The result? Eighty-nine hours of recordings at depths between 16.4 and 360.9 feet. The footage documents sea lions swimming about 348 miles, as well as hunting and interacting with their habitat. The animal-borne cameras allowed scientists to experience the seafloor from a predator’s perspective, as opposed to the traditional anthropocentric view.
“I can watch this stuff for hours,” study co-author Simon Goldsworthy, leader of the Marine Ecosystems Program at the South Australian Research and Development Institute, tells the Guardian’s Graham Readfearn. “It’s like the best slow TV ever. You just don’t know what you’re going to see next.”
Goldsworthy adds that the cameras could be a “game-changer” in the study of Australian sea lions, an endangered species whose population has declined by more than 60 percent in the last four decades. For example, the footage provided data on the animals’ foraging behavior, including the fact that individual sea lions have different food preferences. The cameras even caught the first direct evidence that Australian sea lion mothers teach foraging skills to their pups through social learning, Angelakis tells Science. Information on which habitats the animals use could prove vital to conservation efforts for the species.
The sea lion videographers also revealed previously unknown seafloor environments.

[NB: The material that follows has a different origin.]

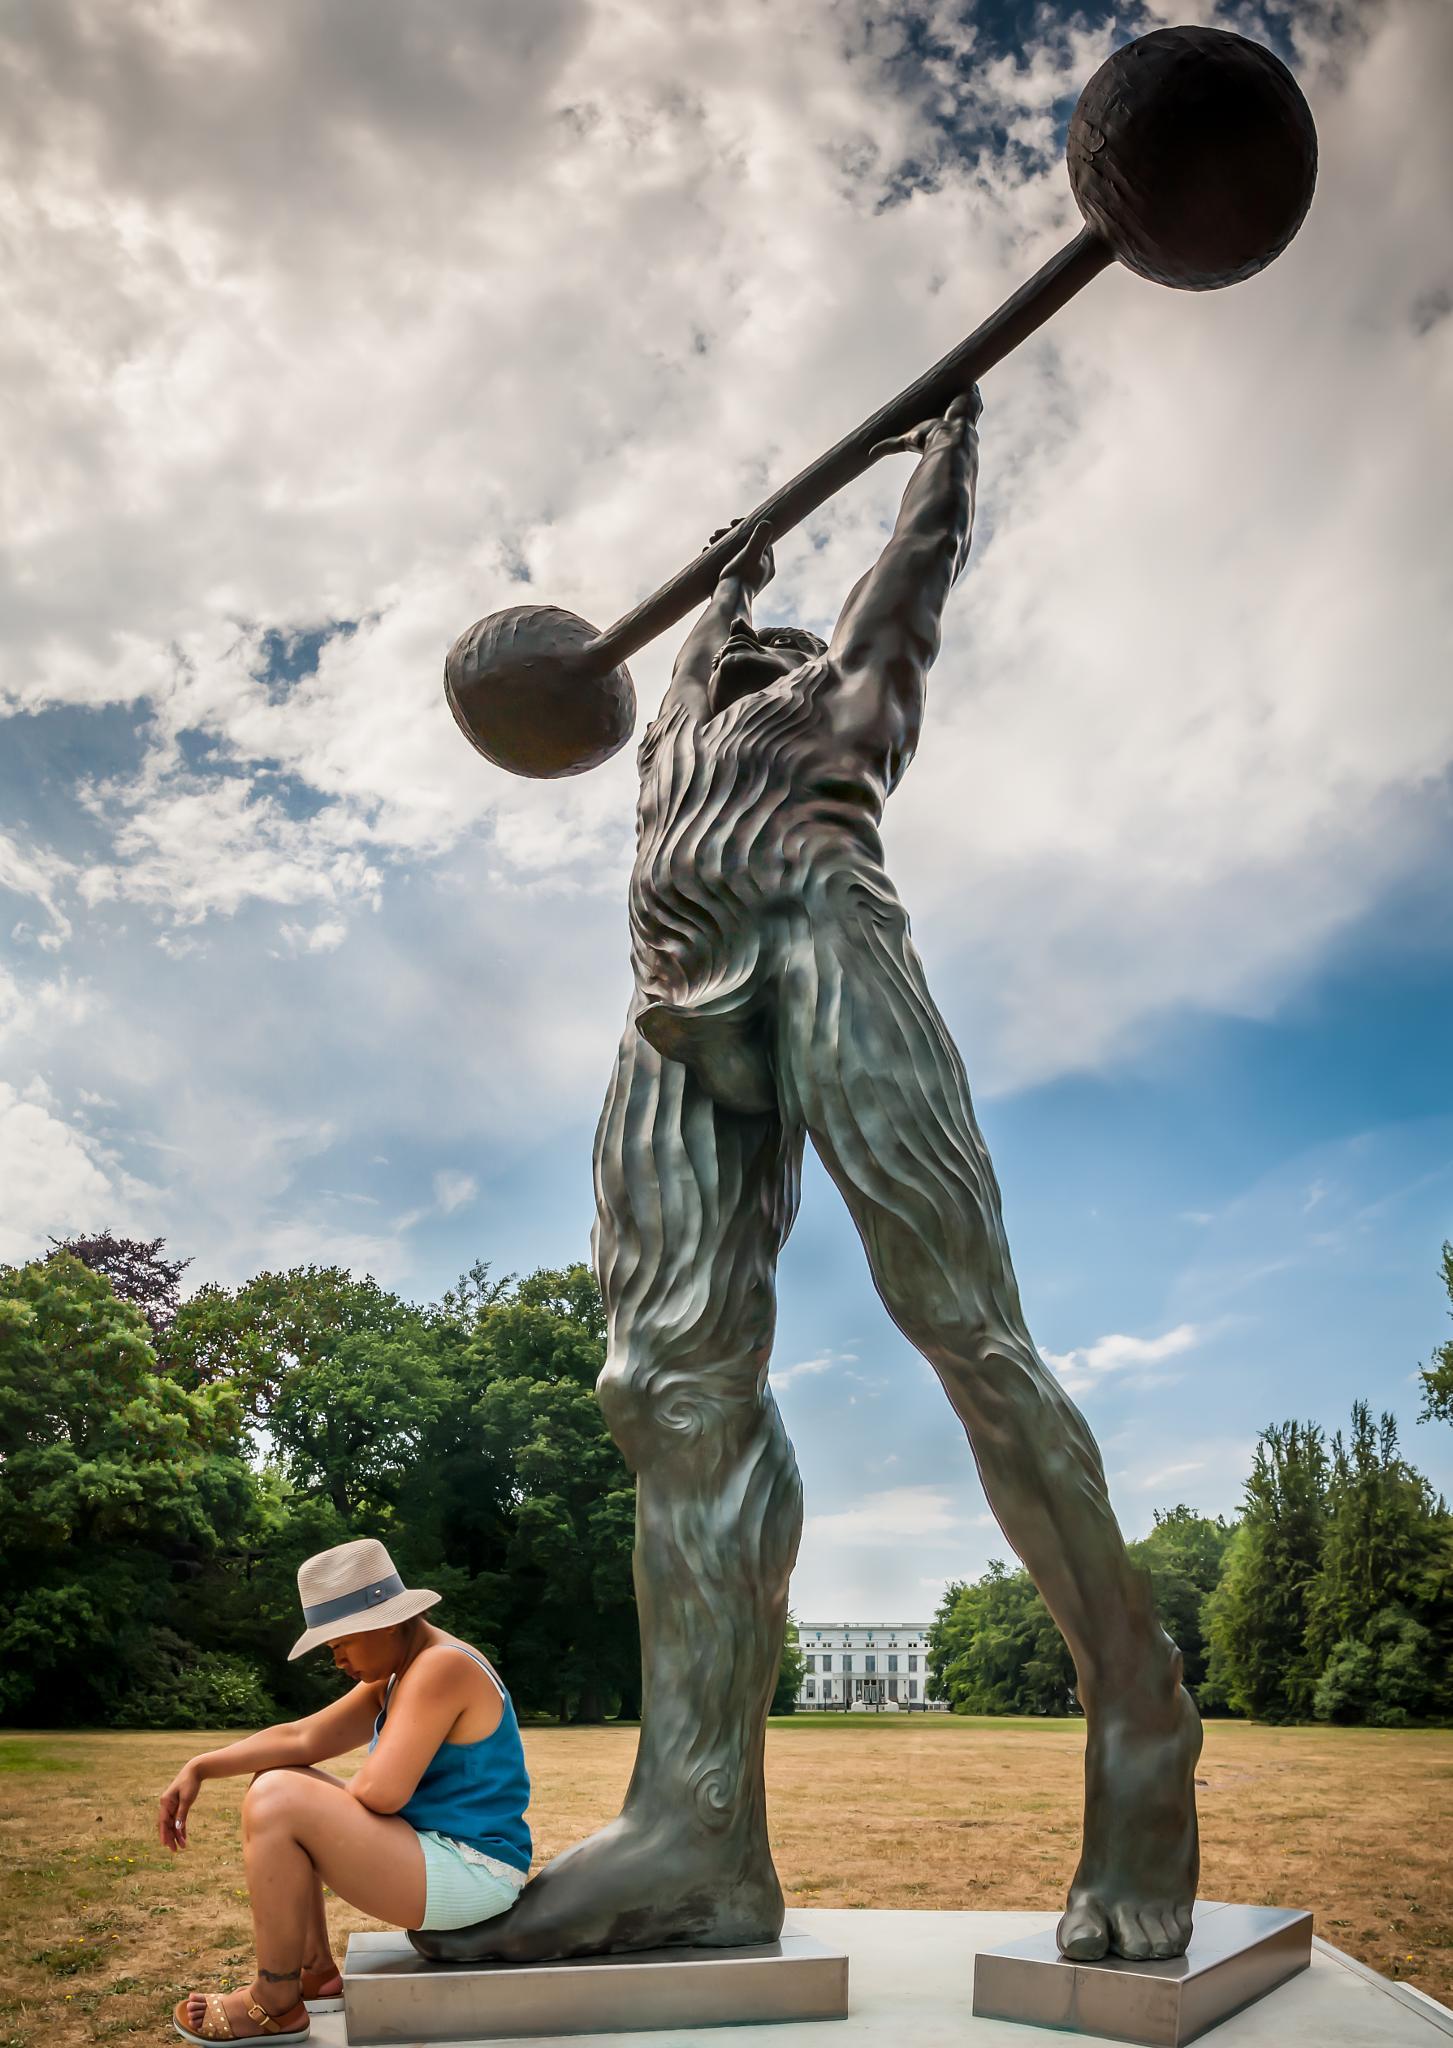 Chill @ statue @ Wassenaar by Walter Stoffers

“With the data we’re collecting, we’re essentially exploring new parts of the ocean that haven’t been mapped,” Angelakis tells Nature News’ Helena Kudiabor. The team was able to identify six benthic habitats in the deepest waters, which they termed macroalgae reef, macroalgae meadow, bare sand, sponge/sand, invertebrate reef and invertebrate boulder. Through the videos, they could gauge biodiversity in these regions.
The team then used the video to test an artificial intelligence model, which was meant to predict seafloor habitats based on sea-surface temperature and distance from the coast, writes Nature News. The model proved to be over 98 percent accurate, so they used it to predict more habitats along the continental shelf of southern Australia.
“One of the real powers of the study is taking the data we collected to predict other unknown areas,” Angelakis tells Nature News.
However, researchers point out that the sea lions might have missed some spots. The limited number of cameras was not “an optimal way to quantify and fully capture habitat variations and consistencies,” Katie Dunkley, a marine zoologist at the University of Cambridge in England who was not involved in the study, tells the Washington Post’s Annabelle Timsit. But it does serve as a “proof of concept” for future work with sea lion videographers, she adds.
The camera-toting animals are “giving us a window into their world that we haven’t had before,” Goldsworthy tells the Guardian.